Jeanne la théâtreuse
Jeune artiste suisse récemment installé à Paris, Eugène Grasset (1841-1917) est invité par l'actrice Sarah Bernhardt à dessiner l'affiche de son nouveau spectacle, la Jeanne d'Arc de Jules Barbier au Théâtre de la Porte-Saint-Martin en 1890.

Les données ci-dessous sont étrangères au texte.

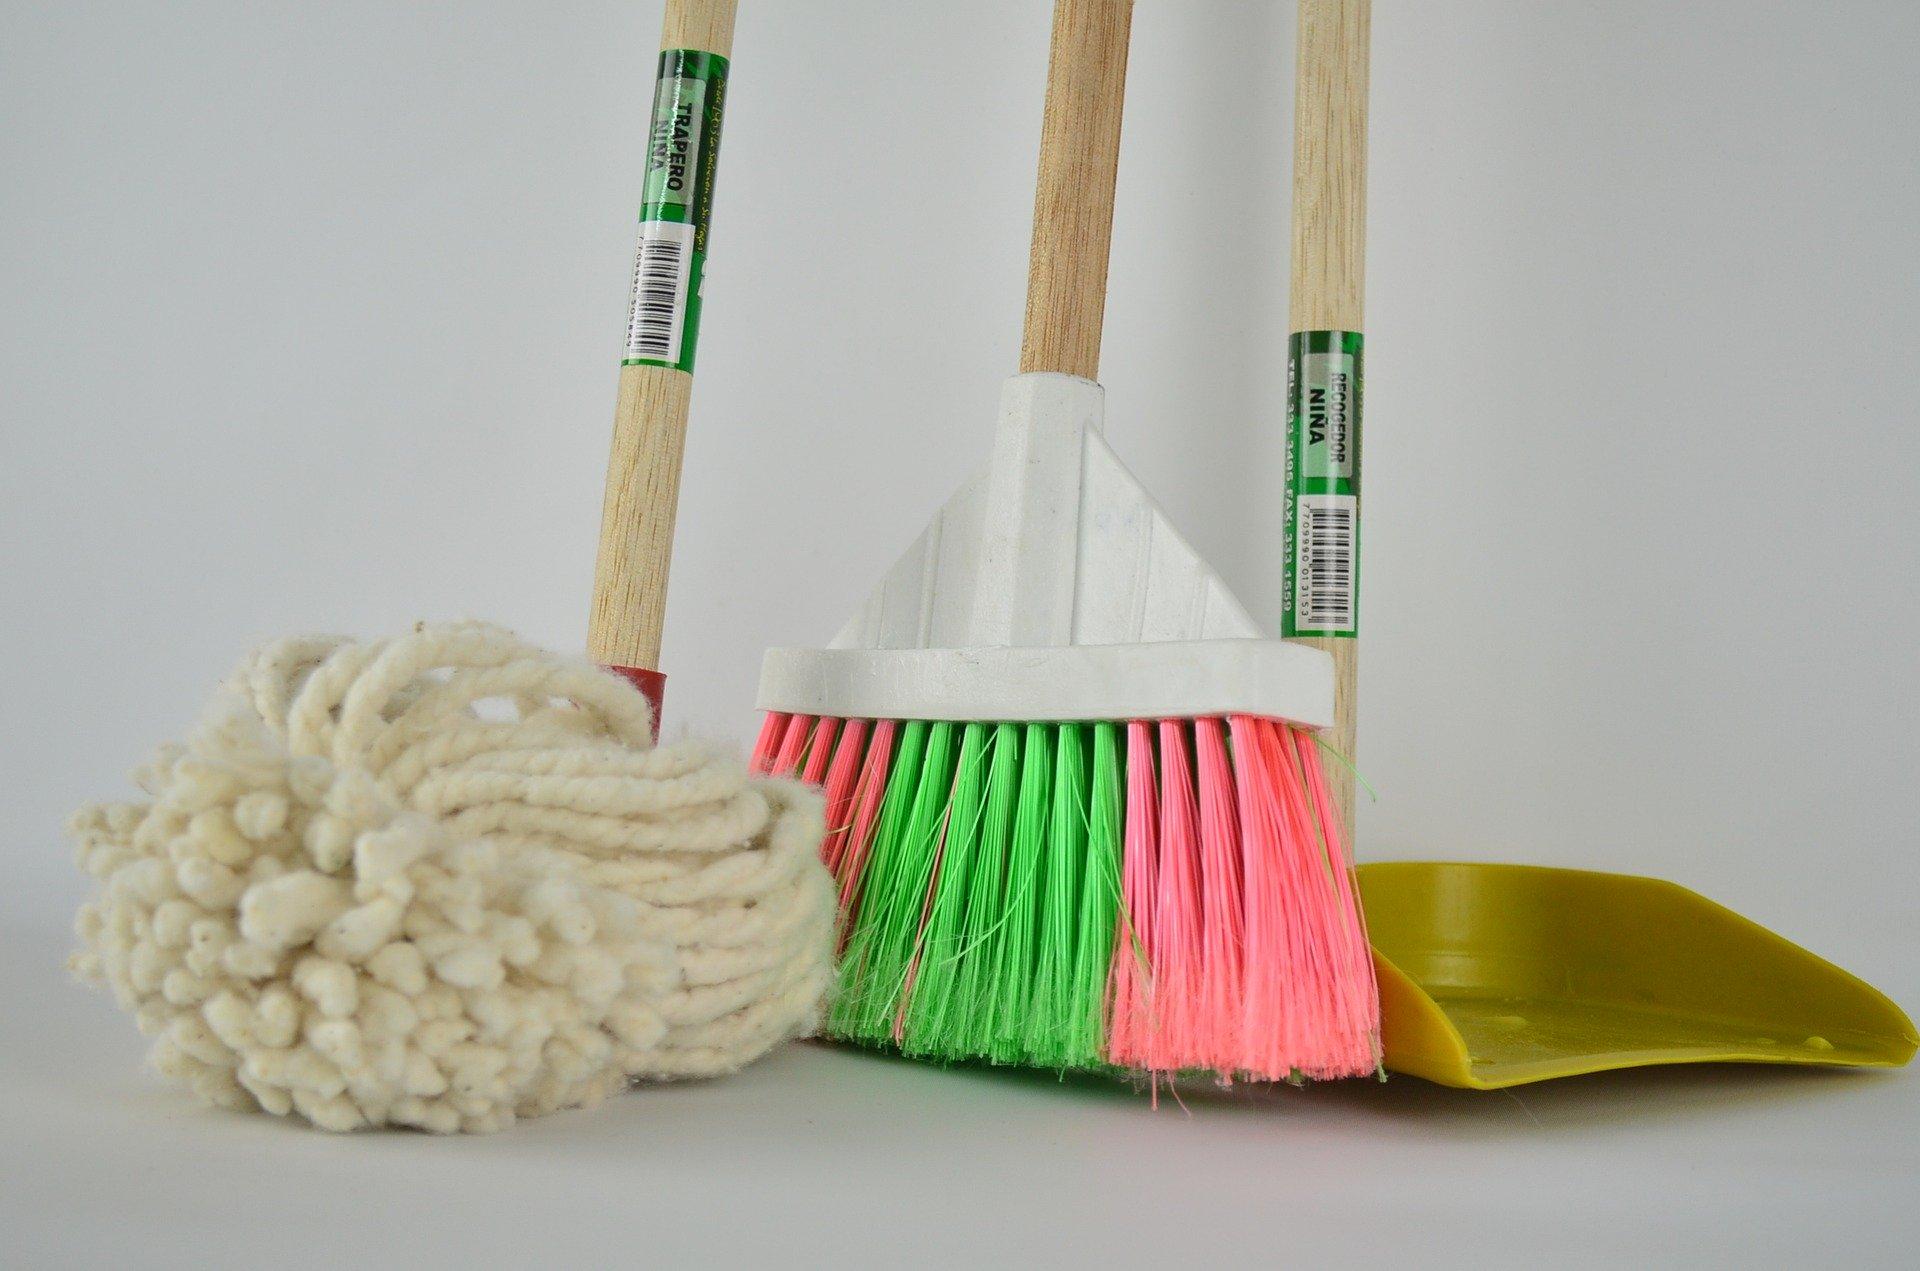 Estos son los errores que cometes cuando limpias y no lo sabes

L'œuvre est très applaudie de la critique mais mécontente la commanditaire qui fait modifier plusieurs détails. Dans un deuxième état de l'affiche, le visage remodelé n'est plus tourné vers le ciel mais vers les spectateurs ; la chevelure courte, rousse et crêpelée comme celle de Sarah, devient châtain et tombe sur ses épaules ; la jupe est pudiquement refermée. La composition, très dynamique, de l'image et la posture la main sur le cœur, restent cependant les mêmes. Ces traits rappellent les efforts d'efficacité dramatique d'une actrice qui retravaillait sans cesse sa gestuelle mais aussi ceux d'un dessinateur attentif à restituer une déclamation... particulièrement spectaculaire.
En mêlant des sources d'inspiration médiévale et japonisante, Grasset révèle ses talents d'affichiste art nouveau et son intérêt précoce pour la figure de Jeanne d'Arc, talents qu'il déploiera dans des dessins de vitraux et des illustrations de livres.
Grasset et la critique
Ils ont aussi été amusés par les retouches réclamées par Sarah Bernhardt, alors âgée de 47 ans et qui ne se trouvait pas « ressemblante » sur ce placard ou affiche (Marie-Claude Coudert, « Fin de siècle », in Jeanne d’Arc. Les tableaux de l’Histoire, Rouen et Paris, RMN, 2003, p. 142).
Extrait d’un article de Jules Adeline dans le Journal des Arts du 7 avril 1891 :
« La Jeanne d’Arc est à la fois – cela paraîtra bizarre à ceux qui n’ont pas vu ce placard* – empreinte d’un mysticisme moyenâgeux et de japonisme. La figure de la grande tragédienne à la voix d’or est hiératique, mais l’interprétation des fumées, fumées de la bataille ou fumées du bûcher, mais les lances et les oriflammes sont d’un modernisme bien étrange [...]. »
Jouer Jeanne d’Arc
Les planches de clichés avaient une double finalité : améliorer la qualité de la gestuelle théâtrale, en garder la mémoire. Une partie de ces photographies étaient aussi reproduites dans les programmes de spectacles, les magazines et sur des cartelettes-souvenirs vendues ou données.